At the end of each iteration of the outer CV, the model is retrained using the optimal configuration on the entire training data (i.e. the four selected outer folds). The model is then evaluated on the held-out test fold using these metrics: accuracy, precision, recall, and F1-score.

We highlight that one optimal model configuration (hyperparameters + transformations) is obtained and evaluated per iteration of the outer CV, thus resulting in five configurations as well as five values for each of the evaluation metrics, per model type. These values and settings are used as inputs for the subsequent analysis step.

3.5 Analysis of Results

For each of research questions proposed we performed a specific analysis, as detailed next.

Model Performance Analysis.

To address RQ1, we first calculated and reported the mean and standard deviation of the evaluation metrics for each model type and dataset. To further understand how to effectively predict the engagement, we analyzed the optimal model configurations obtained, reporting the most frequent data transformations chosen in the grid search. We also discuss key differences or similarities observed in model performance and configuration between Bolsonaro’s and Lula’s datasets.

Features Importance Analysis.

To address RQ2, we analyzed the feature importance scores derived from the optimal Random Forest configurations. This model type inherently provides a widely used metric for feature importance, known as Gini importance. This metric quantifies the average decrease in node impurity achieved by splitting on a specific feature, reflecting the extent to which each feature contributes to the model’s predictive power. For each political candidate, we aggregated the Gini scores obtained in the five optimal Random Forest configurations identified during model training (Sect. 3.4) to obtain a more robust result.

4 Results

4.1 Data Collection

The dataset encompasses various features as outlined in study [8], with most being categorical except for the continuous Duration feature. These features include the Candidate (Lula or Bolsonaro), Duration (length) of the video, Aristotelian Rhetoric (logos, ethos, pathos), Content Type (such as personal, political ideological, campaign act, and trend), Functional Approach (attack, defense, acclaim), Tonality (positive, negative, neutral), and Main Character (candidate, candidate with voters, voters, influencers, opponent). These features were manually labeled based on a predefined taxonomy aimed at classifying varied aspects of the politicians’ discourse displayed in each video. For example, Aristotelian Rhetoric consists of three categories (values) of rhetorical appeal, which aim to convince the interlocutor: logos, which indicates an appeal to logical reasoning and argumentative structure; ethos, appeal to the author’s character, such as their trustworthiness and qualifications; and pathos, appeal to the audience’s emotions. For further details on the attributes, please refer to study [8].

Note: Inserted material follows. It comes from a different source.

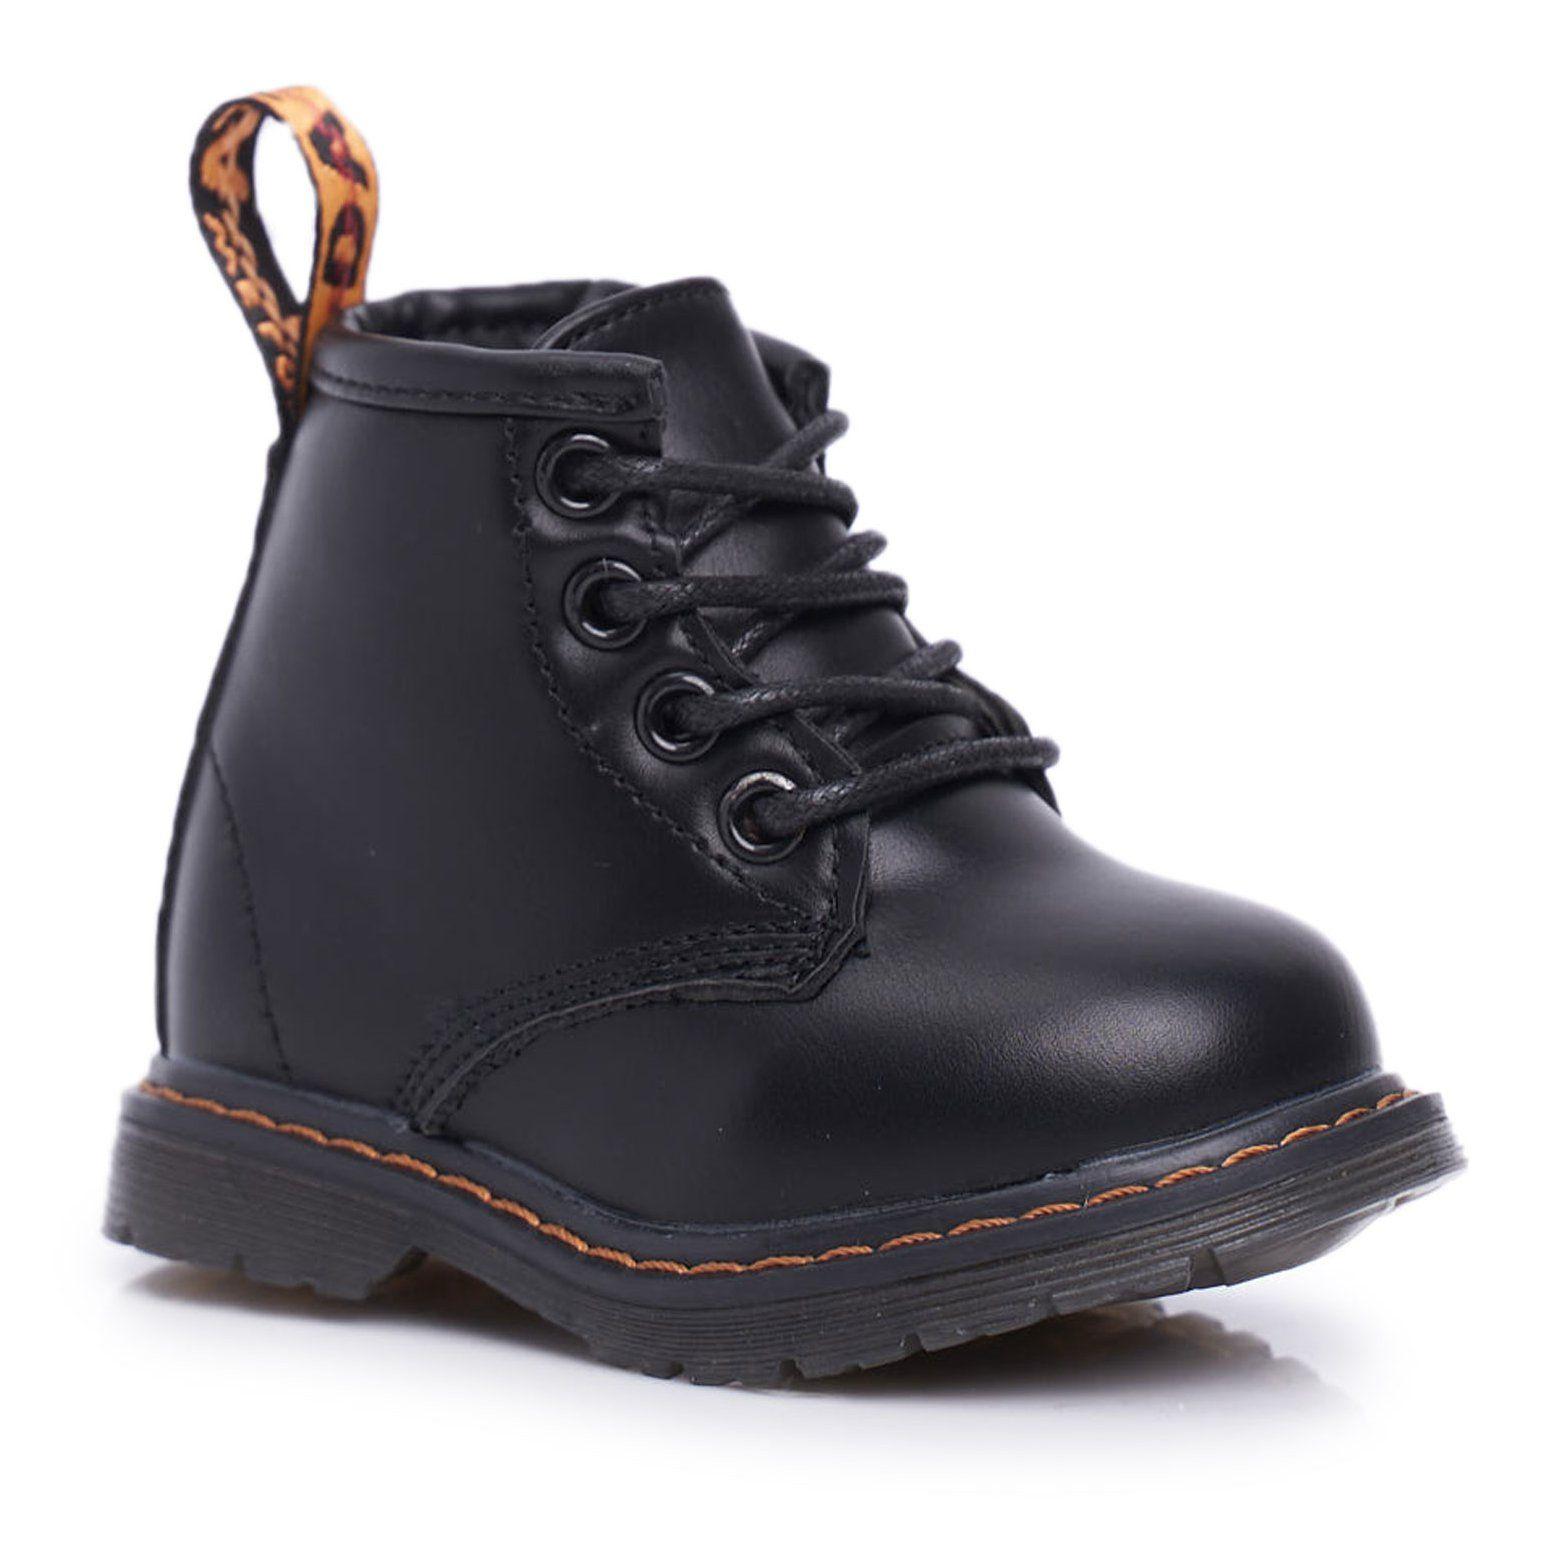 Frrock Dzieciece Mlodziezowe Botki Ocieplane Z Suwakiem Czarne Goopy Combat Boots Boots Dr Martens Boots

Additional features used in the present study, which were collected as part of the research study [8] but not reported in it, are described below:

Rhetorical Device - with the following categories: advertisement – videos (TikTok posts) that aim to promote or sell the political candidacy; call to action – seek to mobilize the public to take a specific action, such as voting or participating in an event; collective appeal – appeal to the union or collaboration of a specific group or society in general; commitment – display the politician at an event such as parades and speeches; endorsement – represent support for the politician and a way to value their ideas and what they represent; fact/statistic – present facts or statistics to inform or persuade the public; humor – use humor to convey a political message; opinion – the politician expresses their opinion; personal appeal – the politician appeals to empathy or personal identification; political statement – the politician makes a clear statement on a political issue; thanks –the politician expresses gratitude to specific people or groups; urgency – videos that convey a message of urgency regarding a cause or political issue; none – videos that do not fit into any of the listed categories.
Textual Content - has four categories that represent how the video is accompanied by a caption: hashtag (only), none (no text), text, text + hashtag.
Post Date: the date in which the video was posted on TikTok. The data collection period spanned from June 30th to October 30^th, 2022.
Collection Date: the date on which all the post’s features were collected. Approximately 75% of the posts were collected in October the 2^nd, while the remaining data was collected on October the 30^th, 2022.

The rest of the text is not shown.